There are so many wonderful ways to represent the housing crash. Yesterday, I posted a chart that started in 1996 and covered the UK, US and Irish housing markets. Today's chart starts at the peak of each bubble and sees where the average house price is today.

The US is definitely in the lead. The housing crash over there is now almost two years old. Although house prices in Ireland haven't fallen as far as in the US, the Irish crash hit the ten percent decline well before their US counterparts.

As for the UK; the crash was last out of the blocks. However, it is making up ground quickly. Although the UK crash is only six months old, the monthly declines so far has been steeper than the other two crashes.
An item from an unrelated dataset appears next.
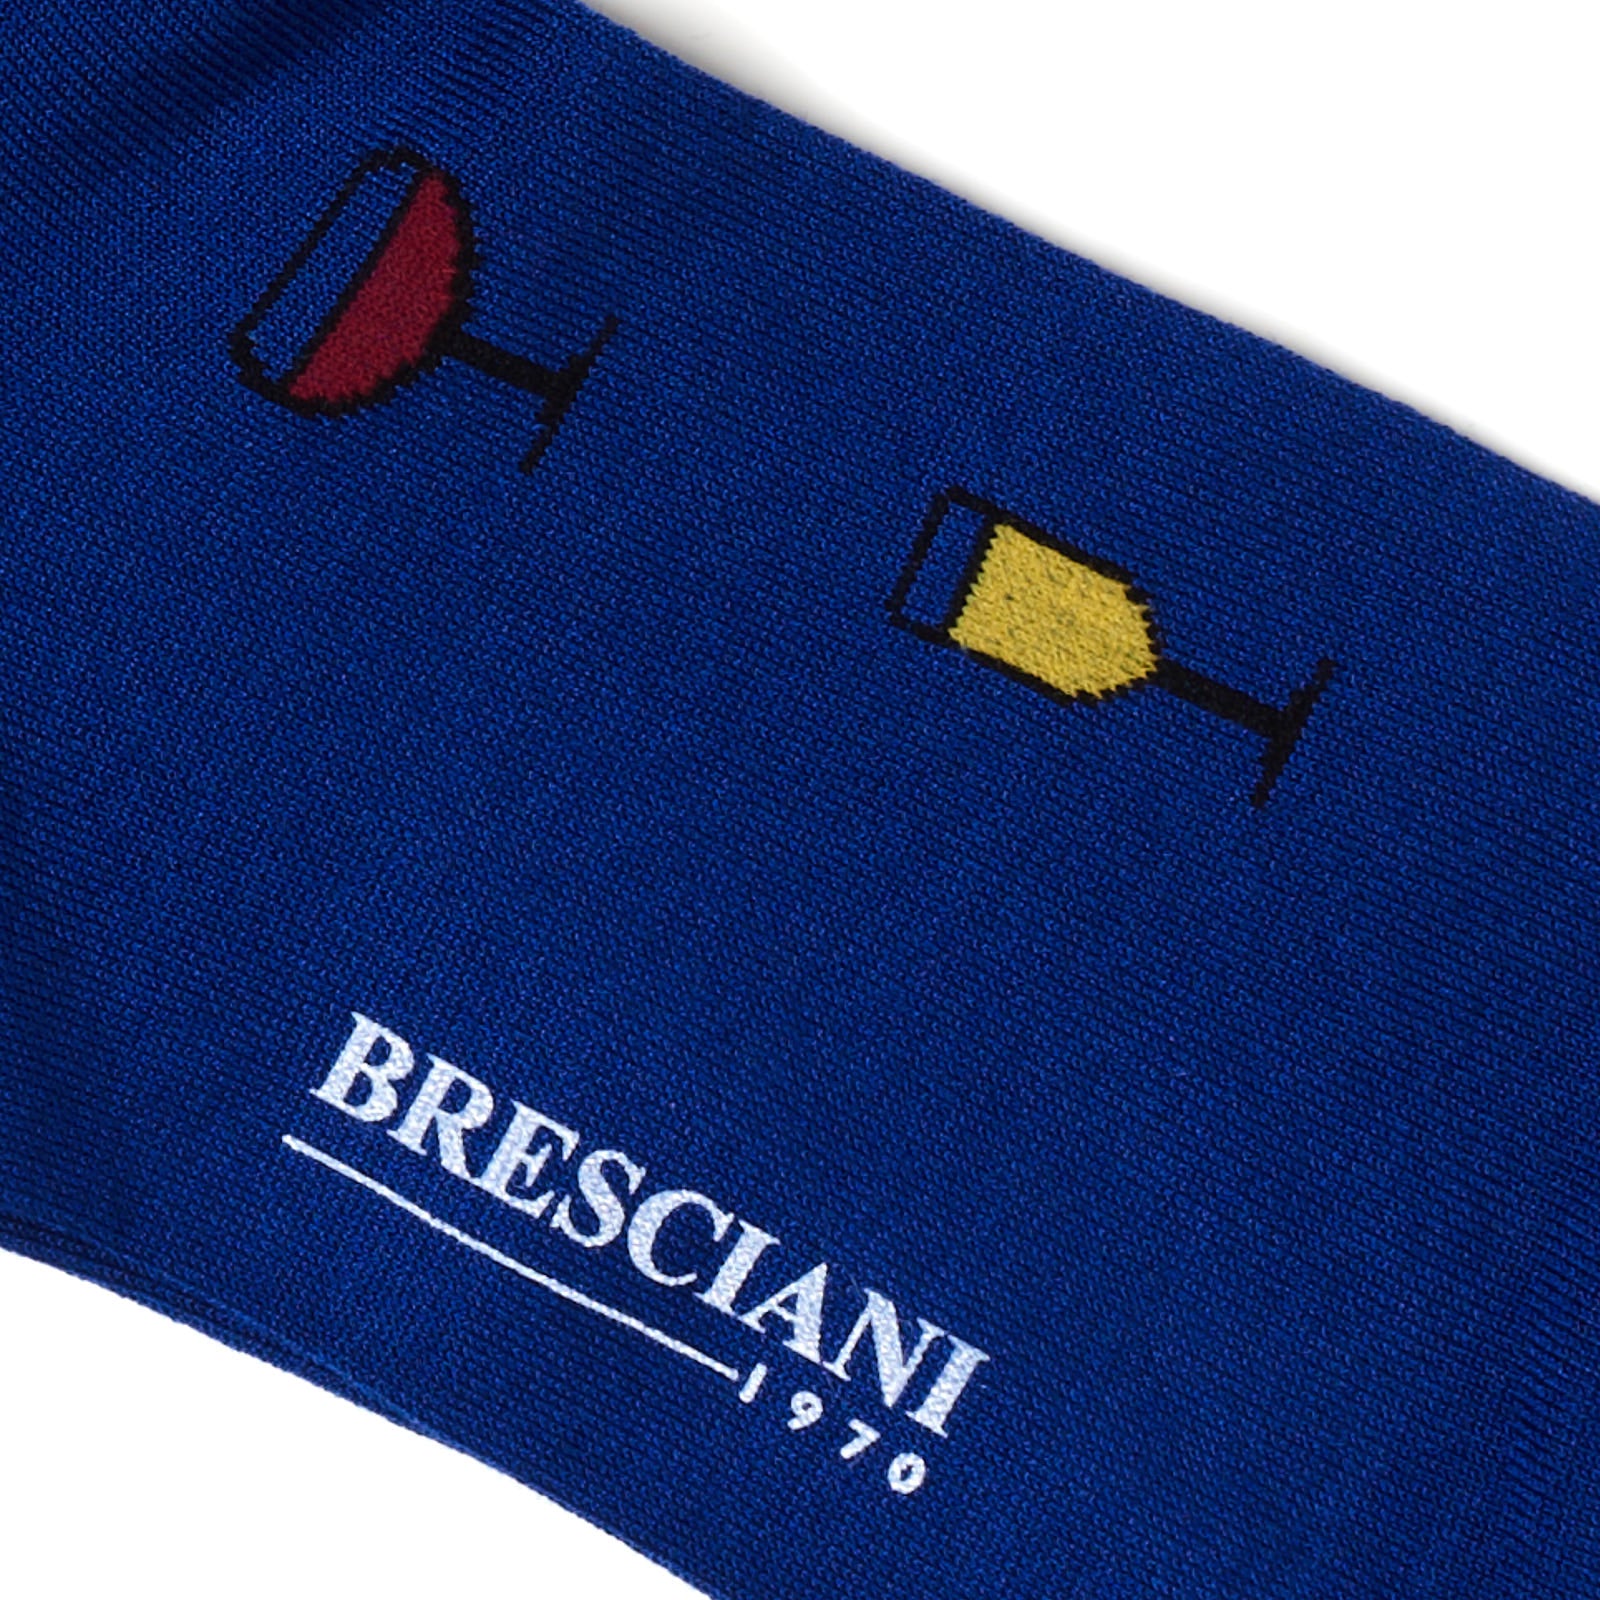 BRESCIANI Cotton Small Pattern Design Mid Calf Length Socks US M BRESCIANI

Many thanks to asteve for an excellent suggestion.

7 comments:

Anonymous said...

It is all so beautiful....

Mark Wadsworth said...

Top stuff, do you fancy sticking UK commercial property on there as well?

Anonymous said...

Alice,

Nice chart, and a very good way to conceptualise it. I'm still thinking the faster crash is because the US crash had already shattered the illusions and softened up the banks.

Nick

Anonymous said...

Mark, I haven't been able to find any data. If you know where I can find it, I will post it.

Alice

Anonymous said...

The US crash looks like a game of two halfs. First half, slow; second half, the pace picks up.

Anonymous said...

That's a handy graph... though, we could extend the X axis backwards too, couldn't we? This would show if the faster falls arise as a consequence of prior experiences in other countries; the rate of HPI prior to prices turning - or something else.

;)

Unknown said...

Ha UK last out of the blocks. We've barely started over here in Aus. Lovely chart though, thankyou.